[dbghelp 4/10] Rewrite much of the symbol lookup method to work with Optimized PDB files as well

Jason Green jave27 at gmail.com
Tue Jan 22 12:25:41 CST 2008


Re-responses from Eric van Beurden:

> hmm I still don't get how, in a generic way symbols could overlap
> the only think I could come up with if when static functions get
> automatically inlined by the compiler, but that's rather a different
> story (as I'd suspect the inlined function to be a single memory range
> within a container => and in that case returning the shortest matching
> symbol should be fine is there an existing exe/pdb file available for
> further testings


in testing with one of our projects, i was seeing symbols lookups fail
85-90% of the time with the initial versions of dbghelp.  The PDB
files that were being used were generated along with the release build
of the project (it was a C++ project as well).  On further
investigation i found that the lookups were failing because many
symbol addresses and ranges were overlapping.  This seemed to occur on
even unrelated objects and symbols.  I would suspect it was the result
of the optimizations the compiler performed.

I was able to generate PDBs that exhibited this behaviour with every
test app i built under Visual Studio (v7.1 and 8.0Express); even apps
that were only 25 lines long.  Since it was very repeatable and the
project in question would always be using PDBs generated from
optimized release builds i decided to change the symbol lookup method
to take the range into account and to be able to store a sublist of
all symbols whose addresses fall into the same range (15-25% of the
lookups still failed with just the range addition).

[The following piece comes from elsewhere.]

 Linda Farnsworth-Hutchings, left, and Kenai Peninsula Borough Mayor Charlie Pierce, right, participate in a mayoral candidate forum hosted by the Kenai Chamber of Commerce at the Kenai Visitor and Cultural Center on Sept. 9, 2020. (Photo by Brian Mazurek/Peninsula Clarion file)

> hmm still not sure it's the correct explanation... the 928k value is not
> that clear (and doesn't explain the impact of the order)
> I'd rather fear something like windbg mmaps the first meg of minidump
> upfront, and expects to get most the relevant information (the 5 listed
> streams, potentially header and data, in that mapping)... memory is
> likely to be used differently by another memory mapping, hence getting
> around the 1meg barrier (that's still needs to be further tested anyway)

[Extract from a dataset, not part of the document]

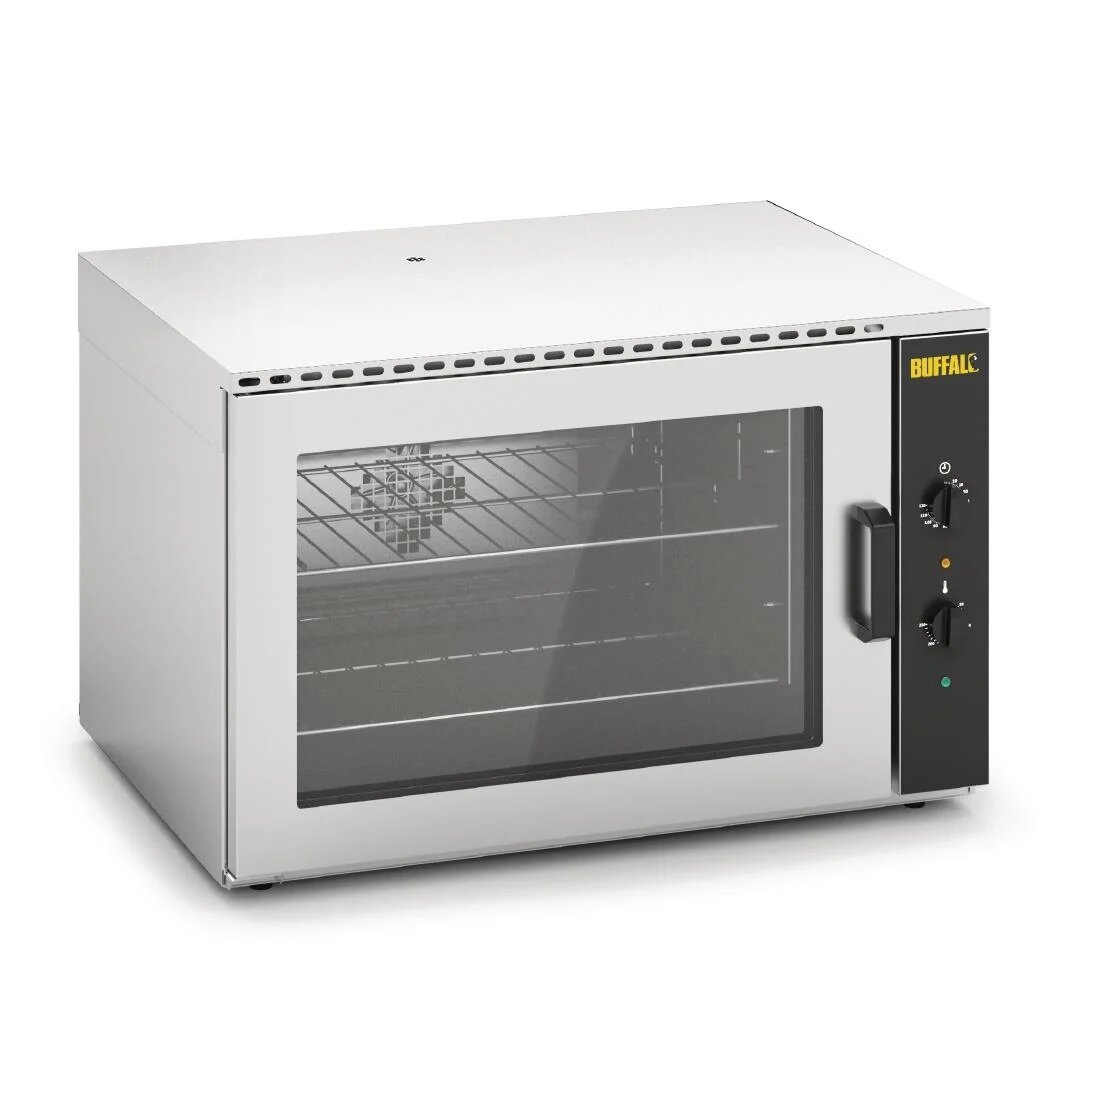 Buffalo CW864 Convection Oven with a 4 x 1/1 GN Capacity

Sorry, i don't think i explained it properly last time.  The 928kb
stream limiting change was incorrect and should be ignored now.
It very well could be that windbg only mmaps the first 1MB of the file
in an effort to find the SystemInfoStream information (and some
others).  The issue arose when we were performing a minidump that
included a thread with an invalid ESP and EBP value in its Context
struct.  This resulted in us dumping the whole stack buffer (~1.14MB)
for that thread instead of just the used area.  Windbg refused to open
the minidump after that.  It complained that the SystemInfoStream
could not be found (as it came after the MemoryListStream data in the
file).

The stream reordering was done for a couple of reasons:
- to put the smaller, fixed size, standard streams first in the file
where windbg seemed to want them
- to better match the stream ordering that native dbghelp wrote its
minidump files in.

The stream ordering still isn't identical because native does things
such as coalesce all strings into the same area of the minidump file
(instead of putting each string immediately after the stream they
belong to), and group stream data and non-stream data together.